Losing the battle, winning the war
The latest UK figures show a 4% year-on-year increase in total fraud offences referred to the National Fraud Intelligence Bureau (NFIB) for the year ending June 2020. But there was a much bigger jump in cyber-related fraud, with a 34% increase in hacking incidents and 22% increase in computer viruses and malware in the same period.
This is because the same tools that are helping insurers to stamp out fraud are also being exploited by the criminals themselves, explains Melissa Townsley-Solis, co-founder and CEO of fraud detection firm GIACT.
"With so much personally identifiable information (PII) available online and through the Dark Web, it is easier than ever to create complex identities using a real person's PII, a completely fabricated identity, or an identity that combines real and fictitious PII,” she says.
“These identities are often leveraged to takeover an account or create a new account with the goal of extracting funds, goods and/or services.”
Two factors have driven the recent spike in fraud events, according to Townsley-Solis: an accelerated movement towards digital accounts and payments (which was in part fuelled by the Covid-19 pandemic) and the establishment of well-organised, well-funded fraud rings.
"The convergence of these two trends, as well as the continued reliance on passwords to protect sensitive financial information, has allowed financial crime to flourish,” she continues.
“The pandemic has also allowed fraud operators to take advantage of companies as they rely more on digital platforms, especially businesses that may not have been as prepared as they needed to be to handle a new way of conducting business digitally."
Social engineering and business email compromise is one way in which malicious actors are seeking to defraud businesses.
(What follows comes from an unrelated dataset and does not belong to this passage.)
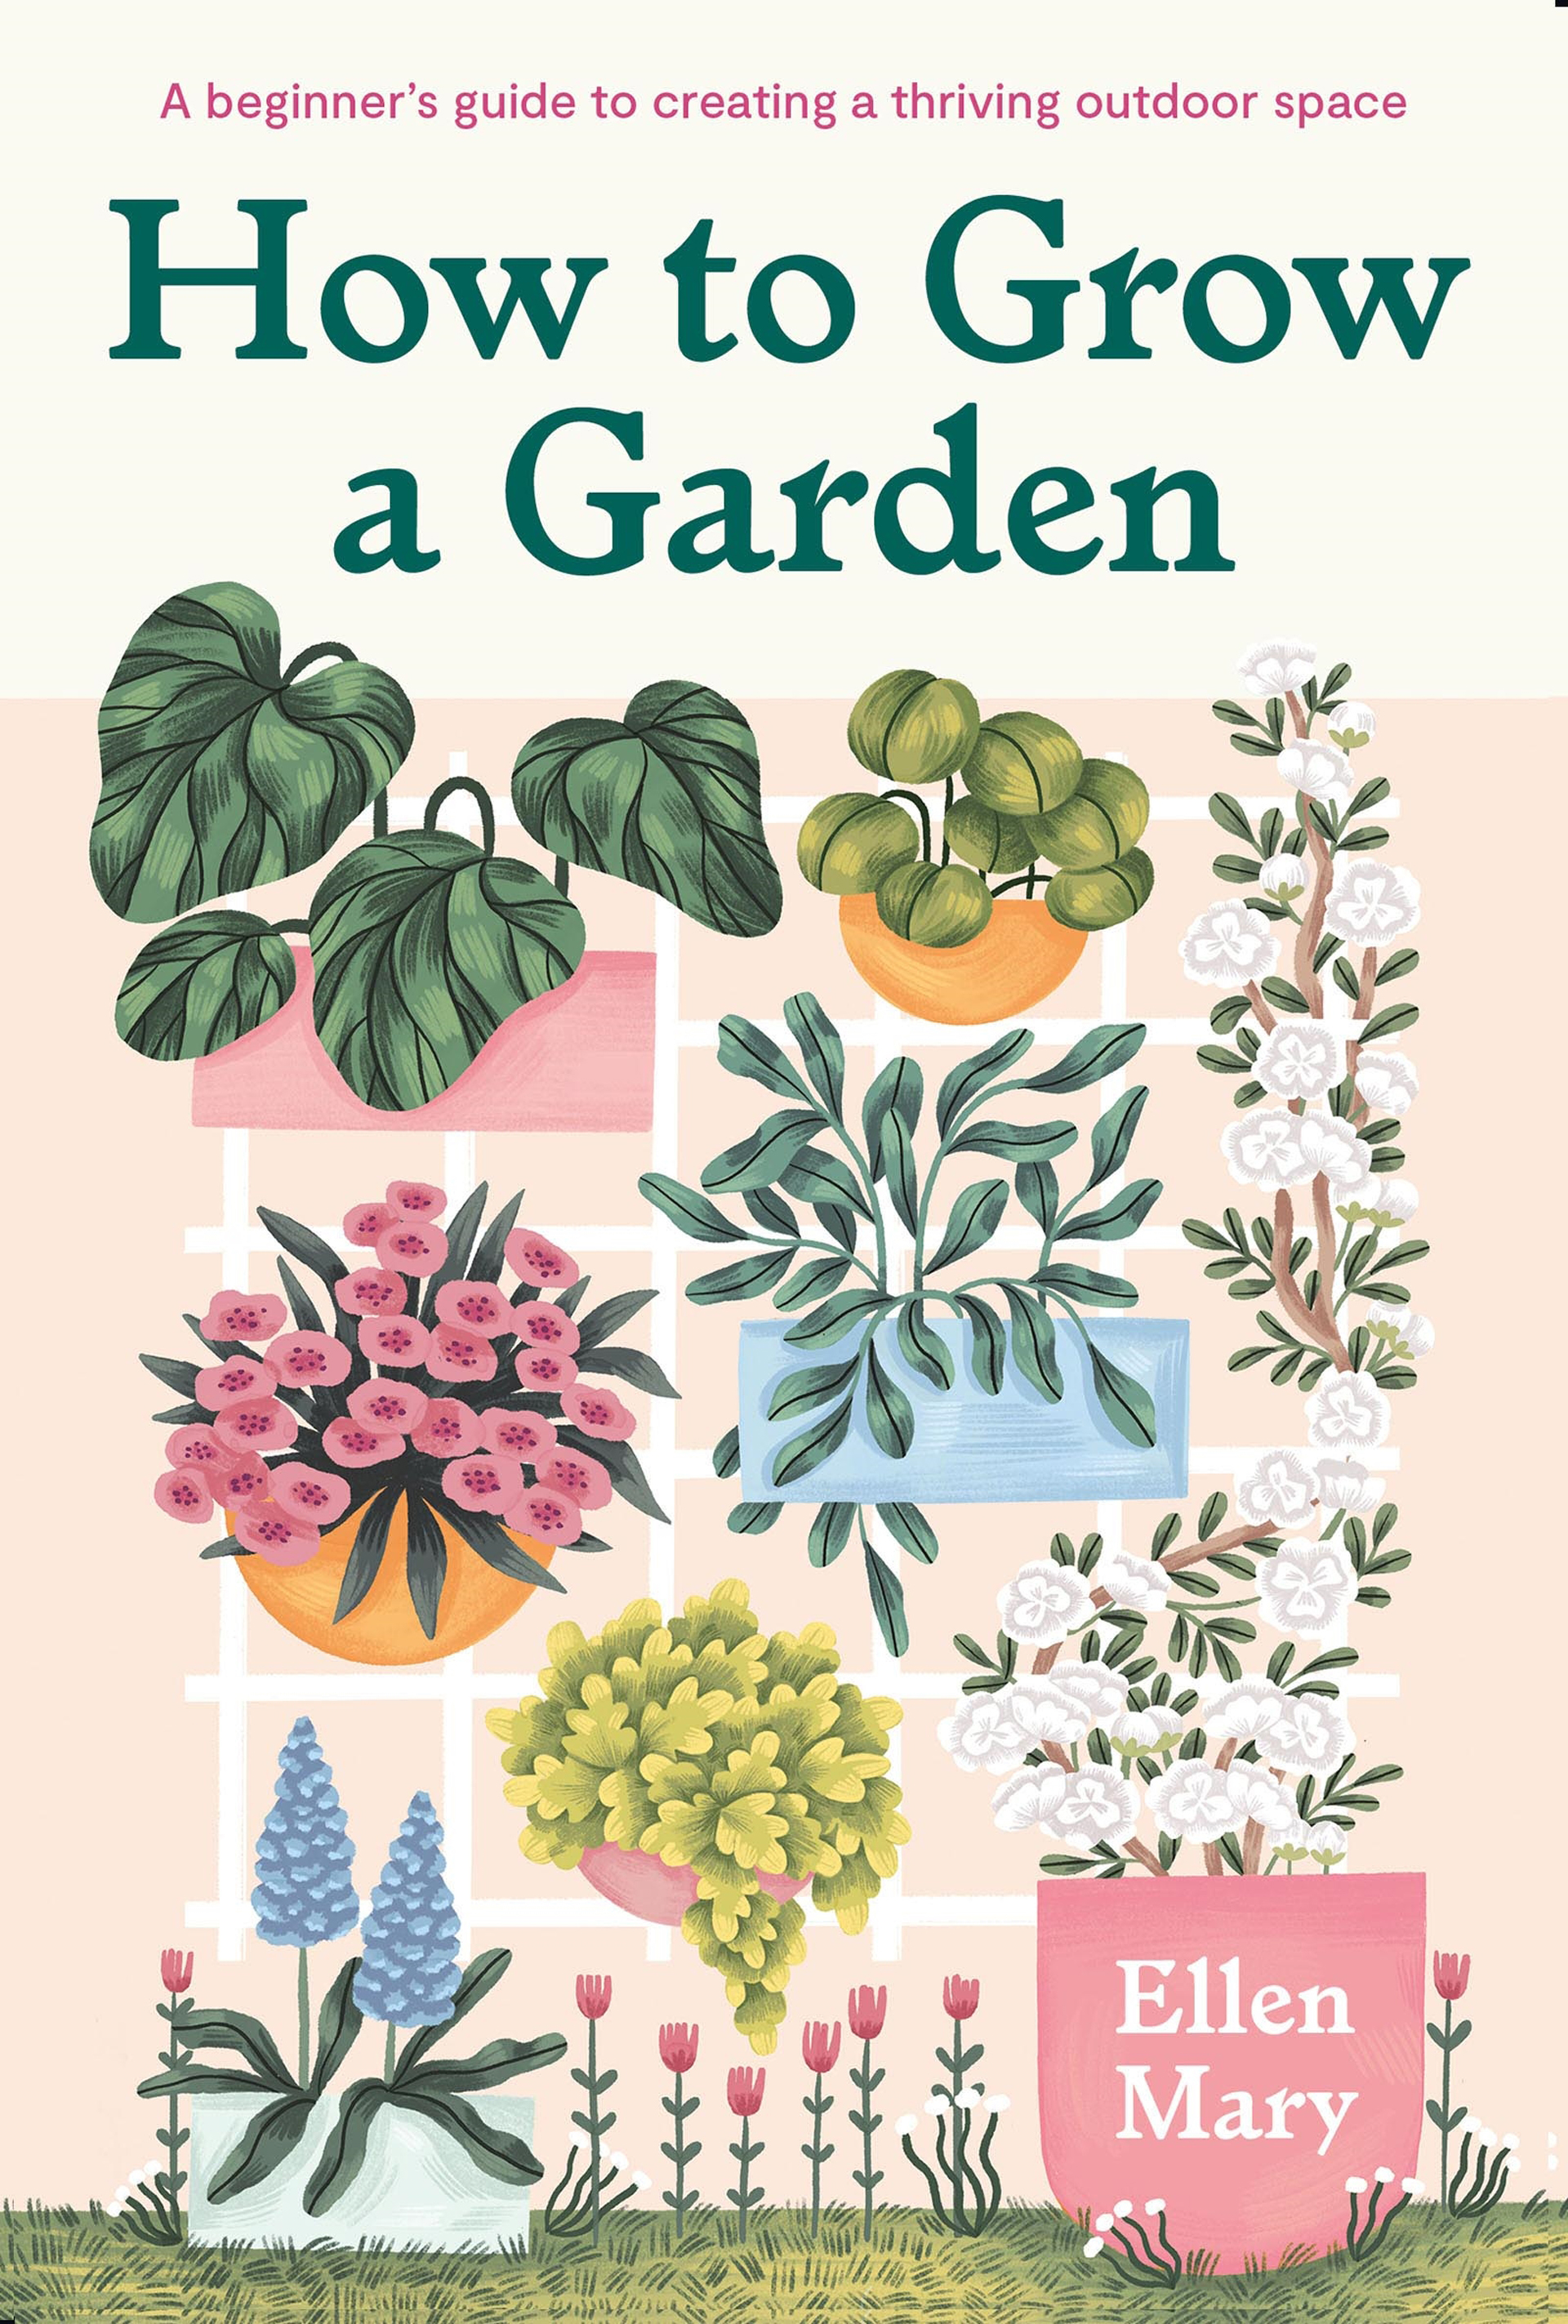 Book jacket of How To Grow A Garden by Ellen Mary (Greenfinch/PA)

By using social engineering, they able to convince their victims to carry out financial transactions, diverting money straight into the criminals' bank accounts.
"Social engineering and business email compromise should be a big concern," says Townsley-Solis. "For fraudsters, it has become big business, with well-organised fraud operations popping up across the globe. In fact, the FBI reports that business email compromise is responsible for nearly $2bn in losses a year."
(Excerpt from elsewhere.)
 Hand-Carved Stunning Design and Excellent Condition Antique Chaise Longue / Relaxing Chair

Social engineering tactics have also become extremely advanced. Not only are fraudsters able to map out the organisational structure of a business in order to mimic the email of an executive with transactional authority, or the email of a vendor with a regular payment relationship, but they also go as far as to use voice ‘deep fakes’ of a CEO, for example, to socially engineer employees to misdirect funds.
"The key to mitigating the risk of businesses email compromise includes educating employees on how to spot attempts, adding external email warnings, and, most importantly, applying a robust account validation process," she says.